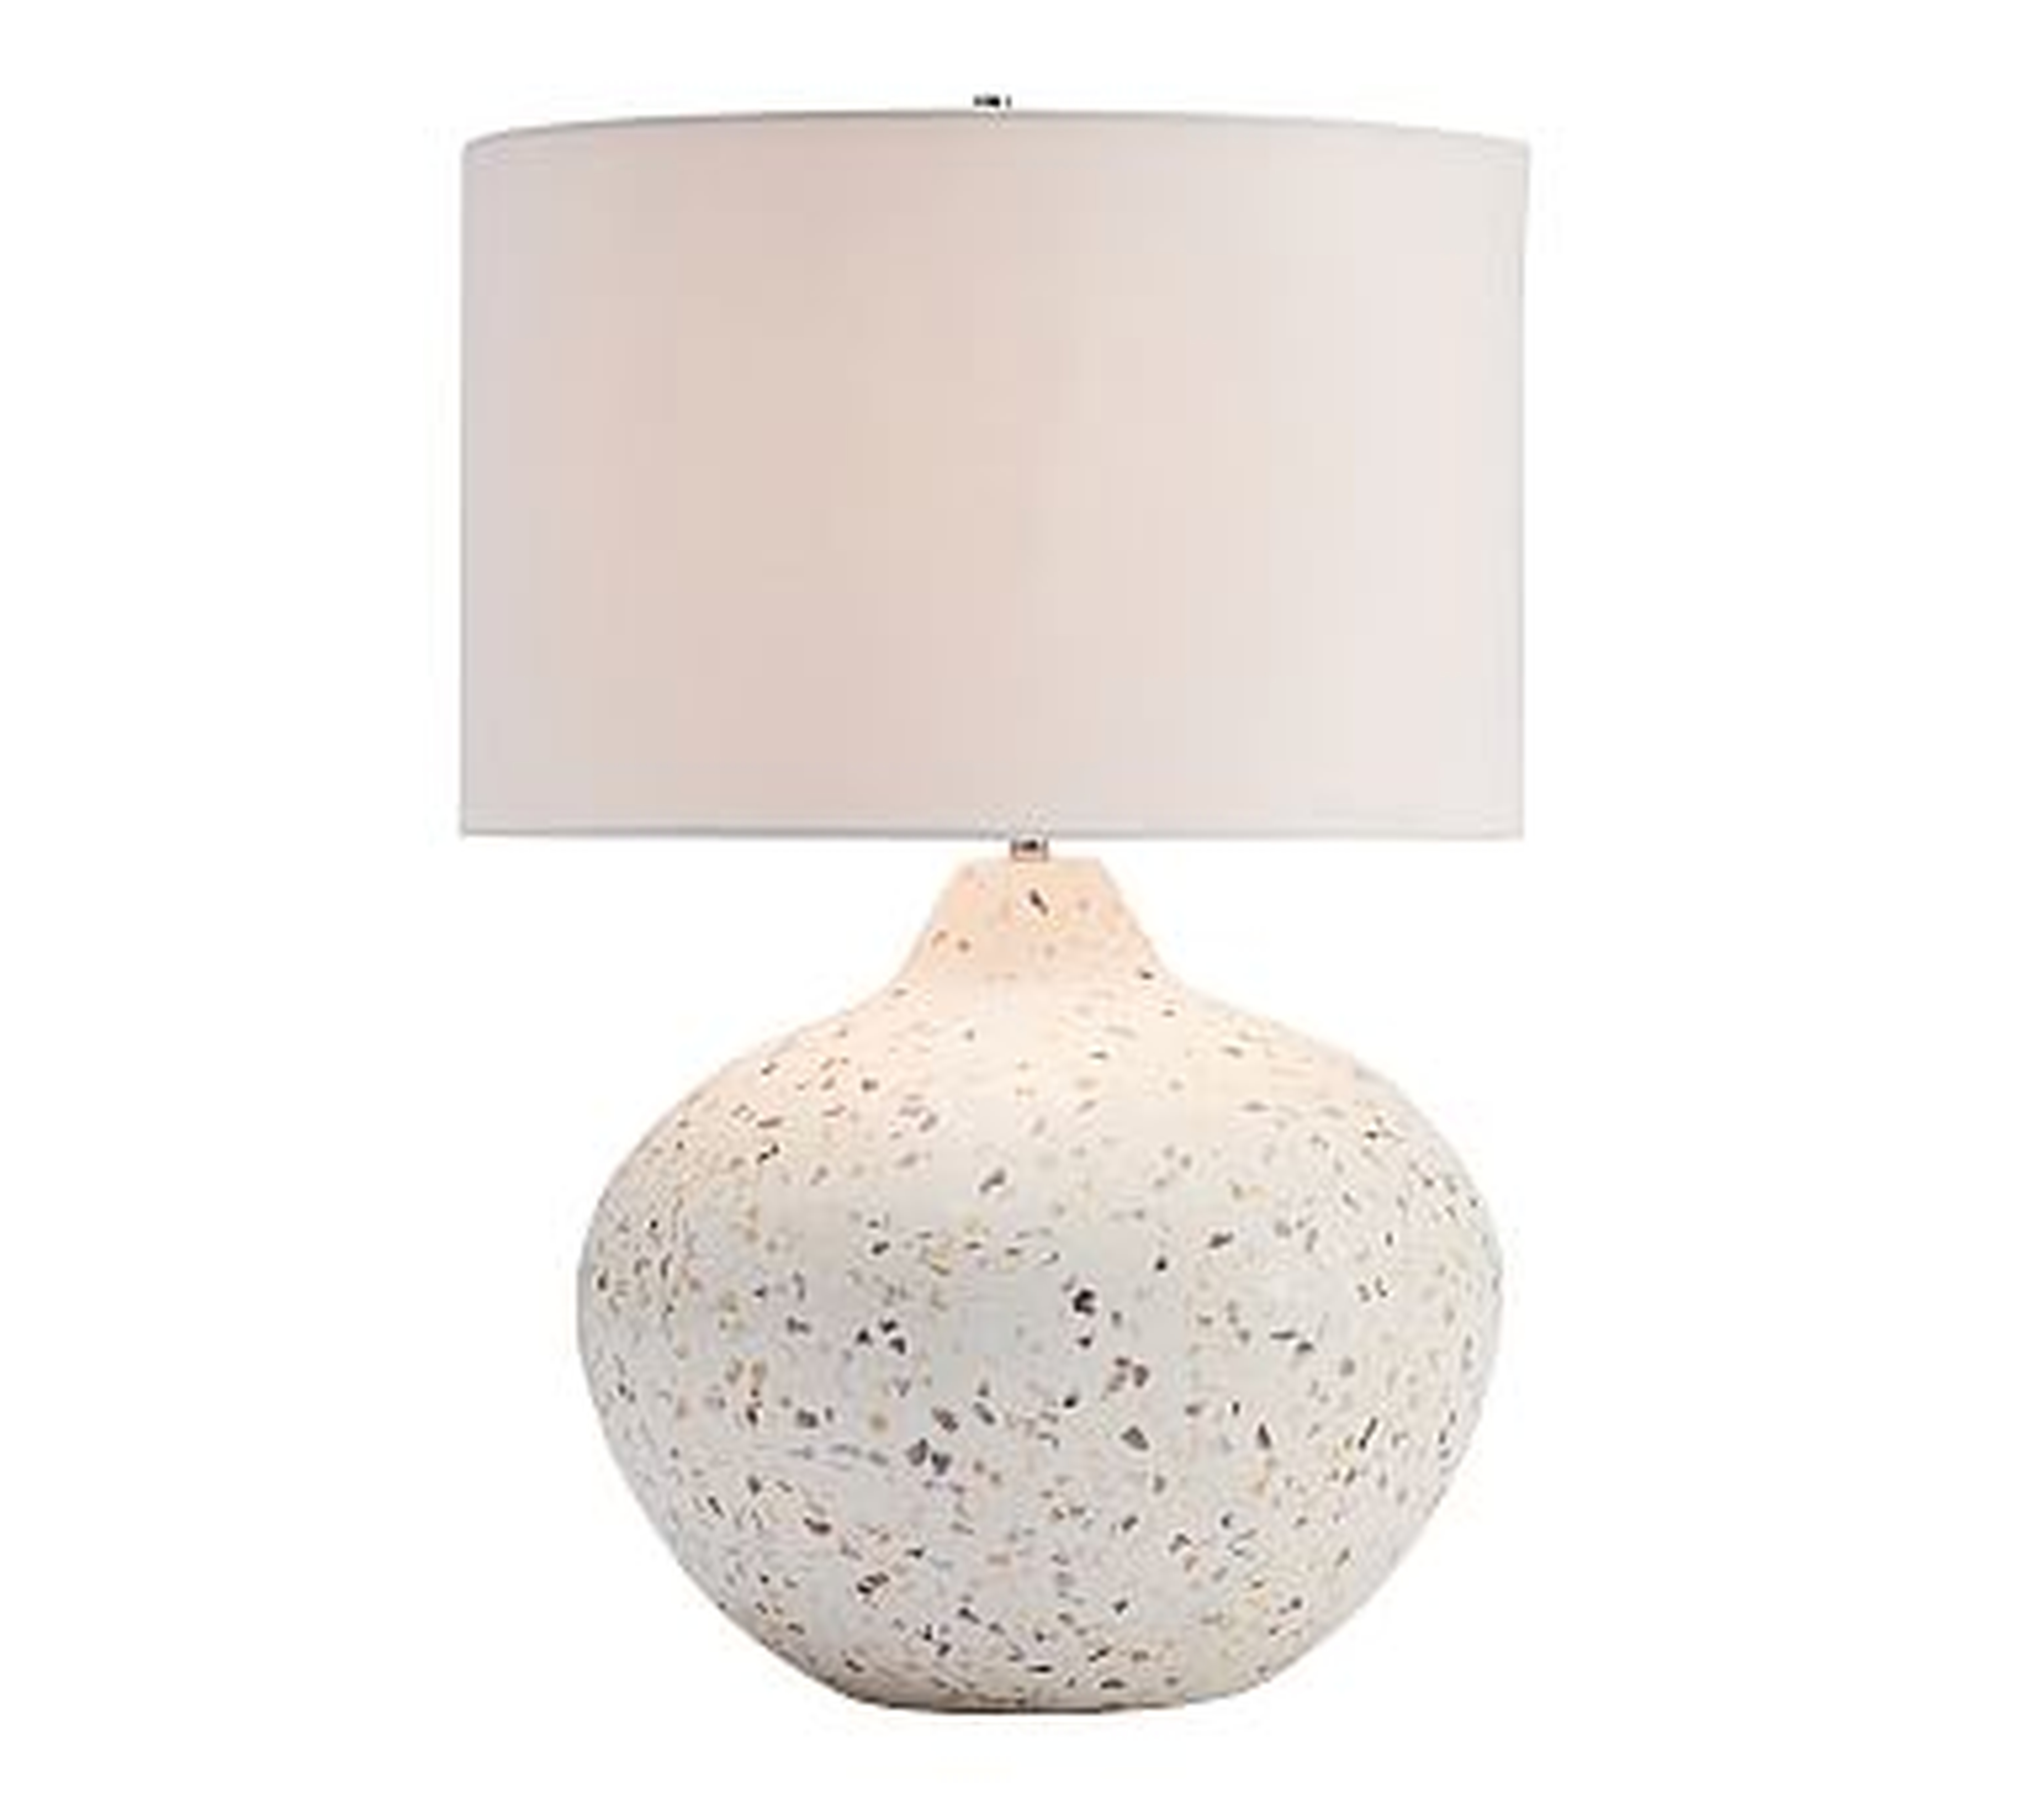 Capri Terrazzo Round Table Lamp with Extra Large Straight Sided Gallery Shade, White - Pottery Barn
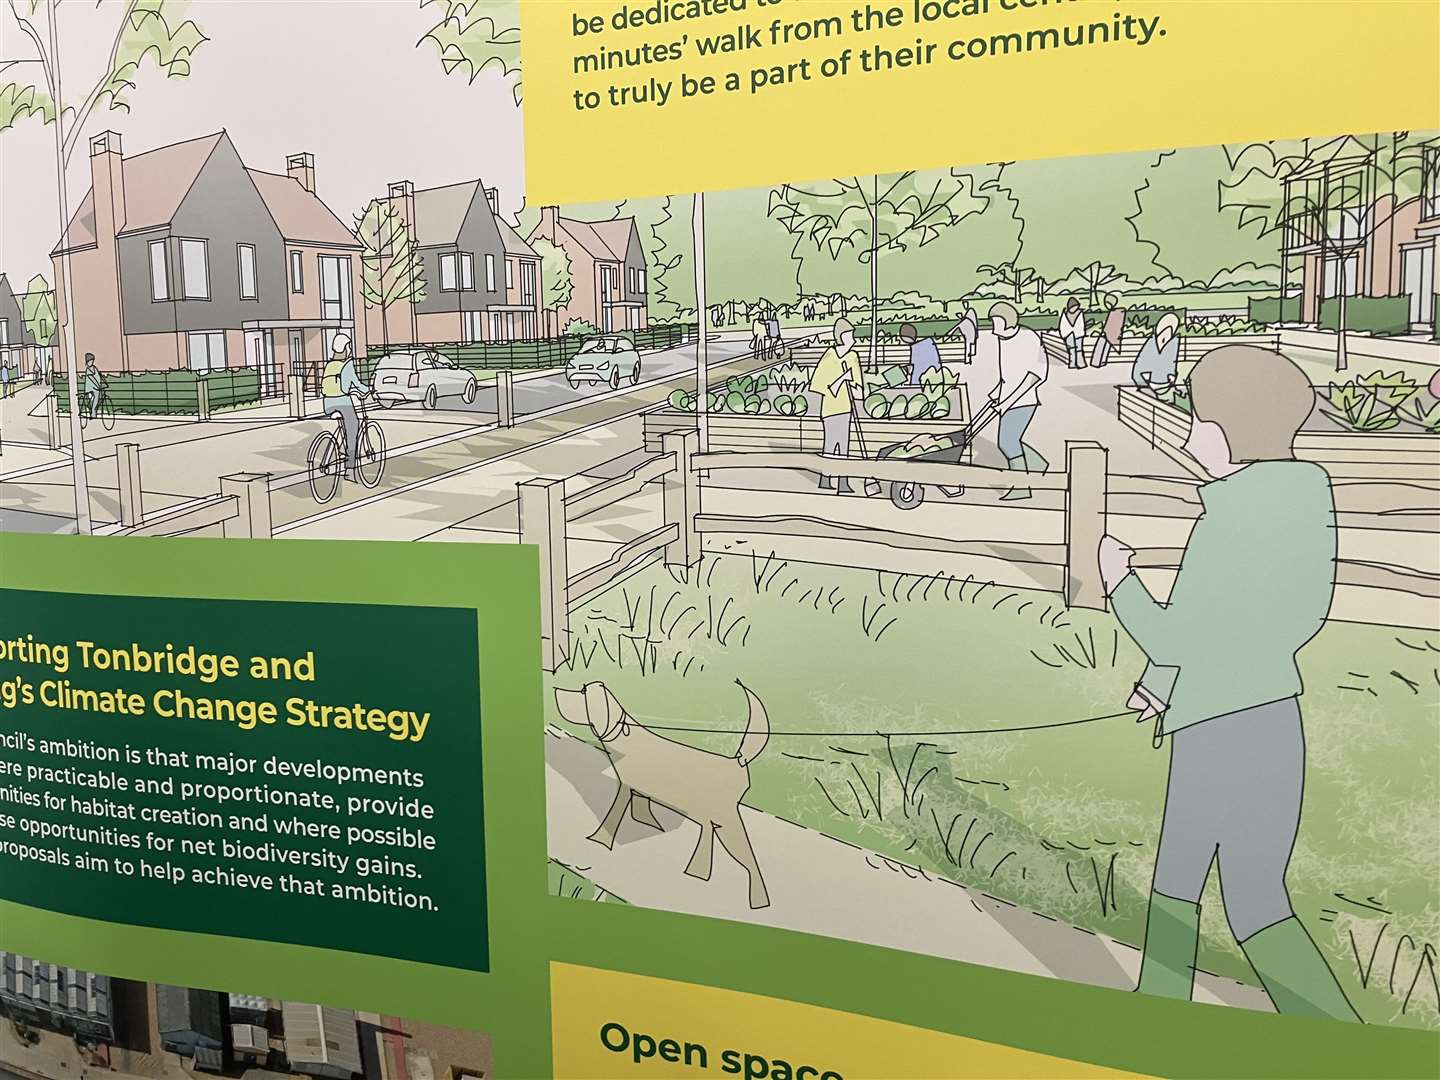 Display boards portray and idyllic vision of life on the planned estate, but many were not convinced
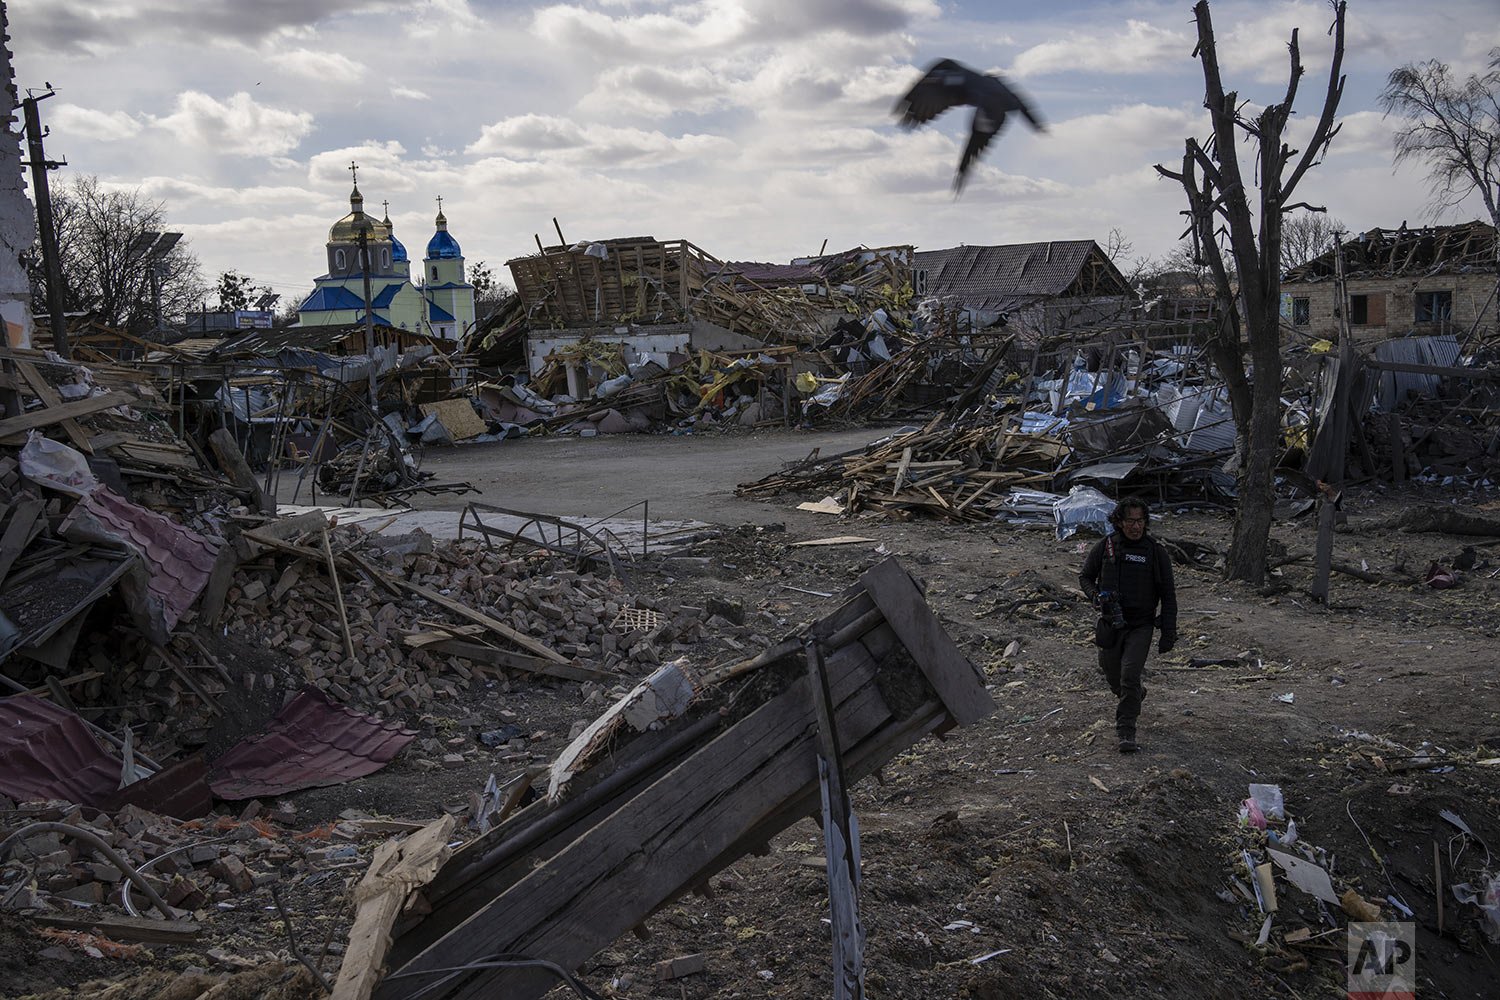  A journalist walks amid the destruction after a Russian attack in Byshiv on the outskirts of Kyiv, Ukraine, Sunday, March 27, 2022. (AP Photo/Rodrigo Abd) 
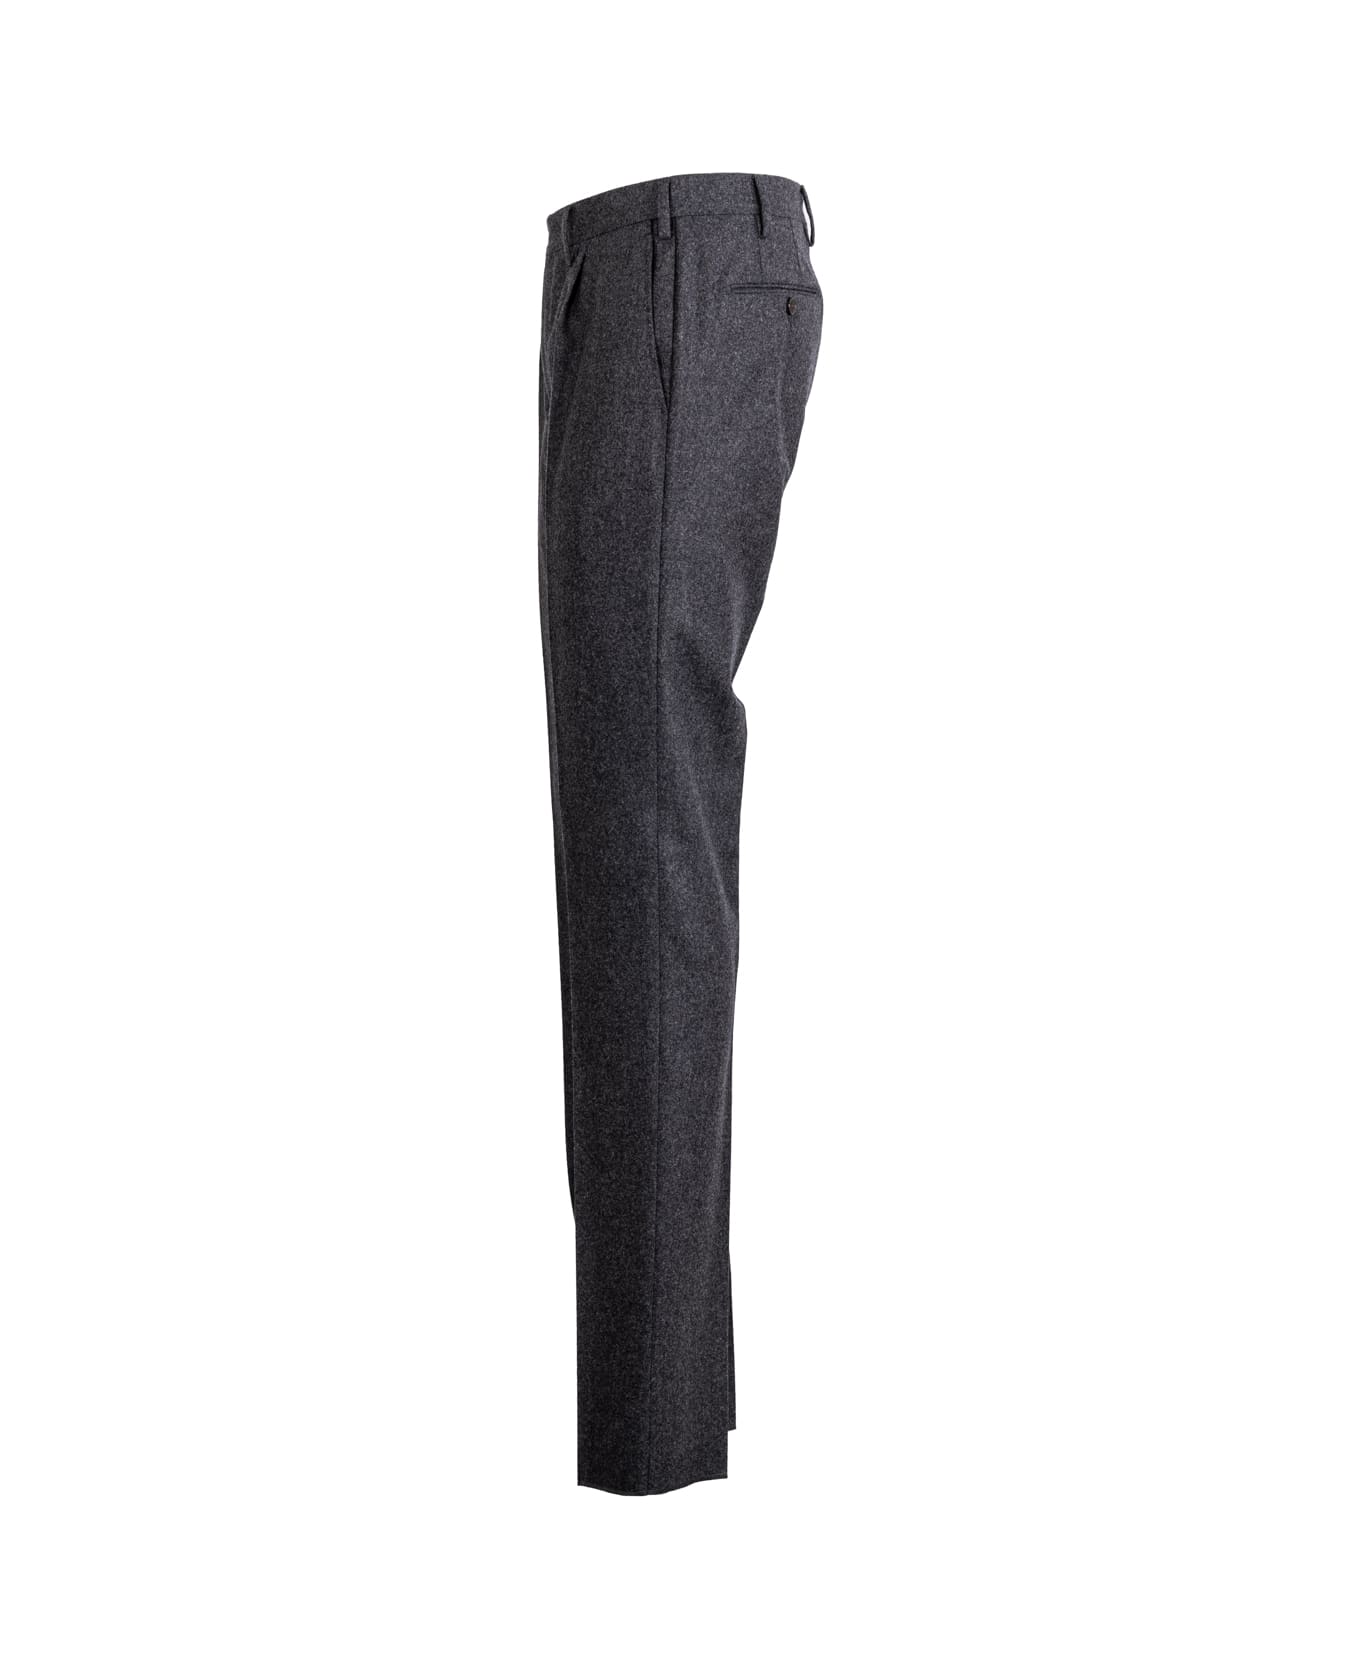 Germano Zama Germano Trousers Anthracite - Anthracite

WHAT TO PRODUCE — Nothing but the lines from the line containing "Display boards portray" through the end of the data, both ends included, is to be reproduced, exactly as written and without the pictures.

YOUR RESPONSE —
 Display boards portray and idyllic vision of life on the planned estate, but many were not convinced
  A journalist walks amid the destruction after a Russian attack in Byshiv on the outskirts of Kyiv, Ukraine, Sunday, March 27, 2022. (AP Photo/Rodrigo Abd) 
 Germano Zama Germano Trousers Anthracite - Anthracite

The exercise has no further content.